We’re in the midst of the third consecutive year where the men’s monument classics are being decided by one single method - a solo victory. The best riders in the bunch at the moment - Tadej Pogačar, Mathieu van der Poel and Remco Evenepoel - all seem to be capable of launching attacks from great distances, anywhere between 40km and 100km, and they’re able to make these attacks stick.
The exception is Milan-Sanremo. Beautiful, wonderful, perfect Milan-Sanremo which remains a finely-balanced puzzle requiring a scalpel, rather than a 70km solo smash sledgehammer.
Every edition of the Tour of Flanders, Paris-Roubaix, Liege-Bastogne-Liege and the Tour of Lombardy since 2022 has been won solo.

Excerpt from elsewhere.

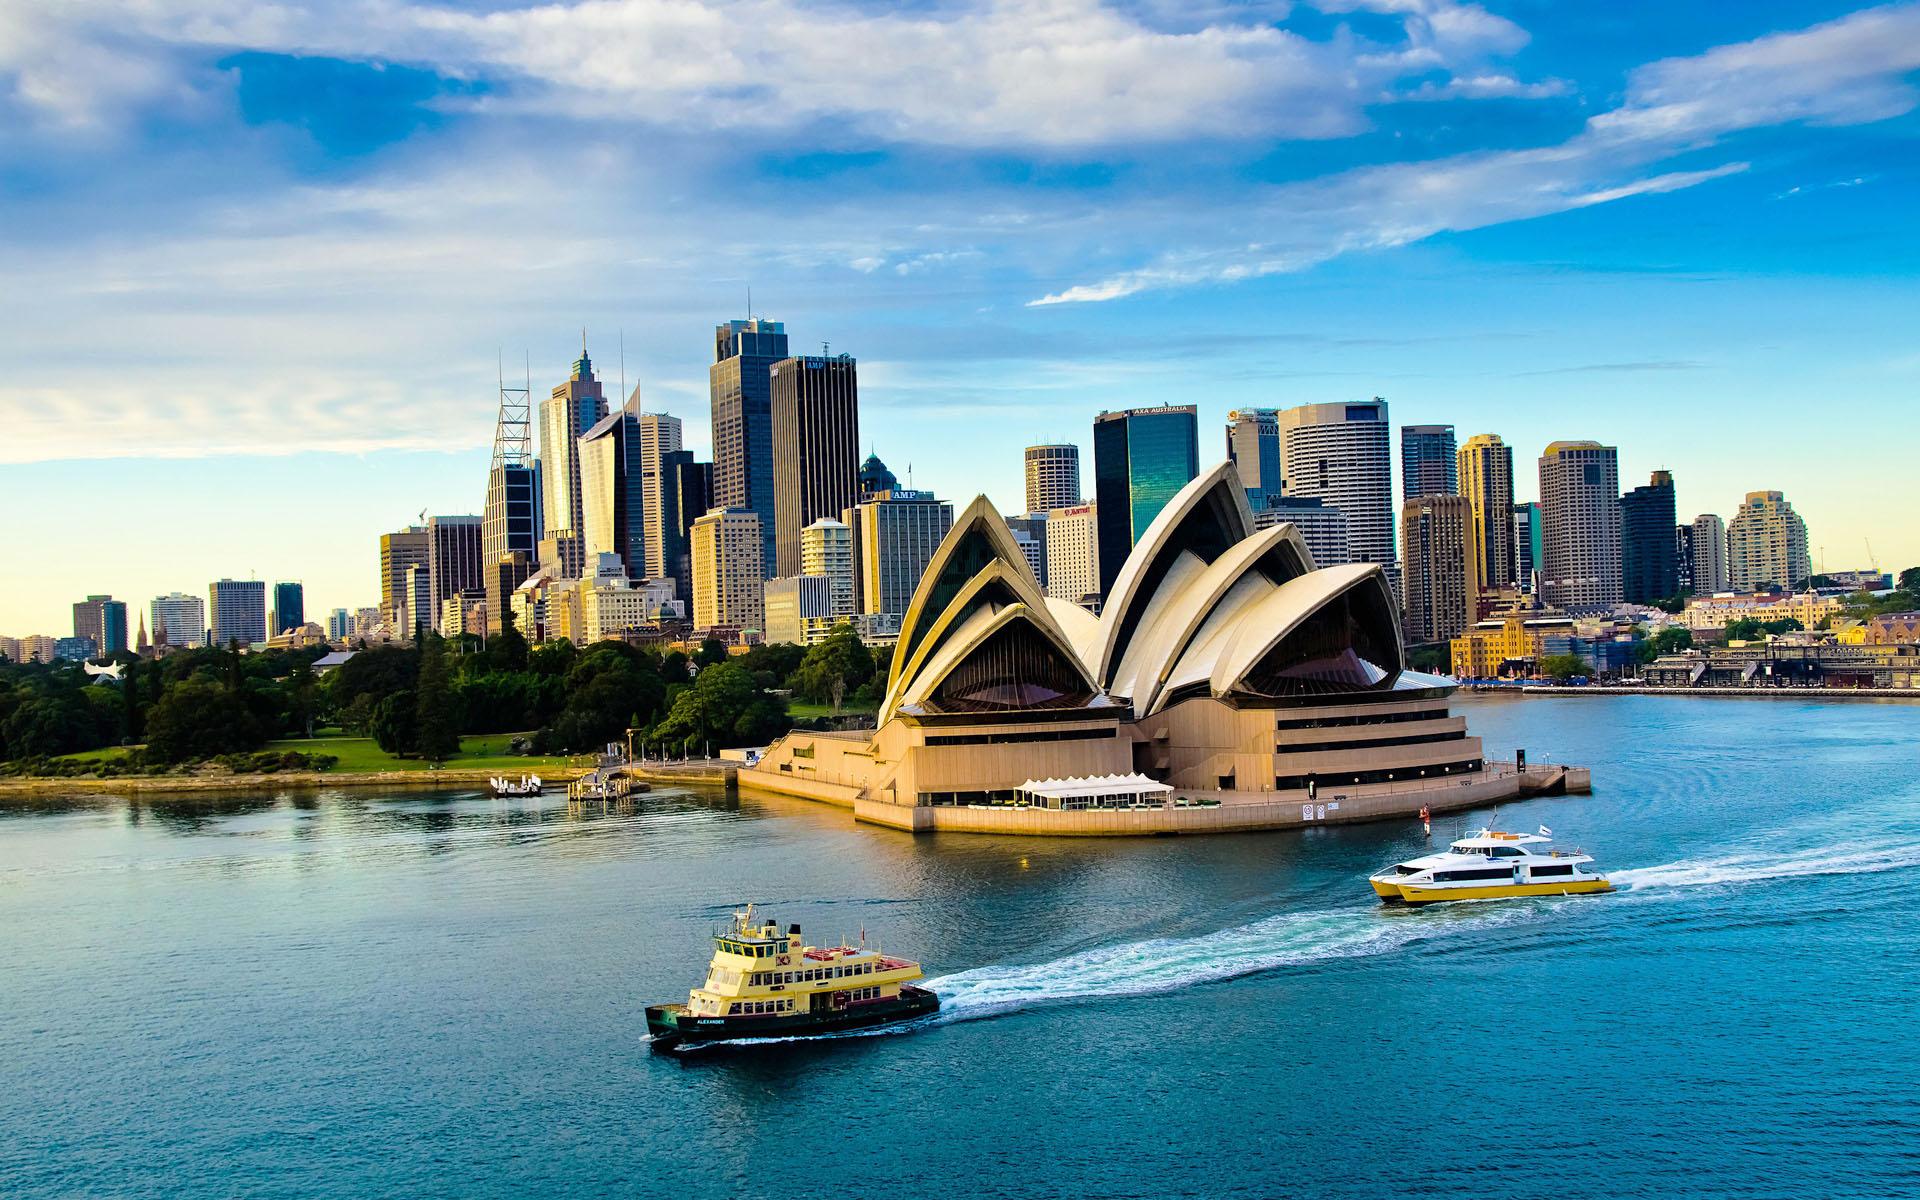 эти проблемы картинки и фотографии австралия всегда

Throw in a few Strade Bianches and even Mads Pedersen got in on the act recently at Gent-Wevelgem with an attack from 56km out, and these mammoth lonely escapades have become utterly normal. A sprint from a small group is now the exception.
These solo displays of power are amazing physical achievements which require riders to be nothing less than at the peak of their physical power. The efforts also require control. The riders have to measure their effort so they don’t blow up and crack spectacularly.
Well, actually, they don’t have to measure their effort. They have a little device to do that for them - a power meter.
They have a screen telling them exactly how many watts they’re producing. They already know from training (as do most of us now thanks to Zwift and the likes) how many watts they can conceivably sustain for a certain period of time.
Do we not want to make racing more exciting? Do the UCI not want to make the racing more exciting? Should all of us not be worried that these endless solo breakaways, with all the caveats about greatness and difficulty, not eventually make people switch off because actually, it’s just not as interesting or exciting as a tactical battle?
Wasn’t it better when riders bonked unexpectedly, cracked spectacularly and the end result was not a foregone conclusion as soon as one of these riders had a gap of more than 30 seconds? Shouldn’t riders have to know their own bodies? Shouldn’t they have to actually measure their own effort themselves?
Every now and again someone likes me starts bitching and moaning about riders being too beholden to numbers and banning power meters gets suggested. Well here we go a again.
Just ban power meters.
“But it won’t make a difference. The riders know their own bodies so well anyway it doesn’t matter if they can see their watts or not”
Well let them fucking prove it then.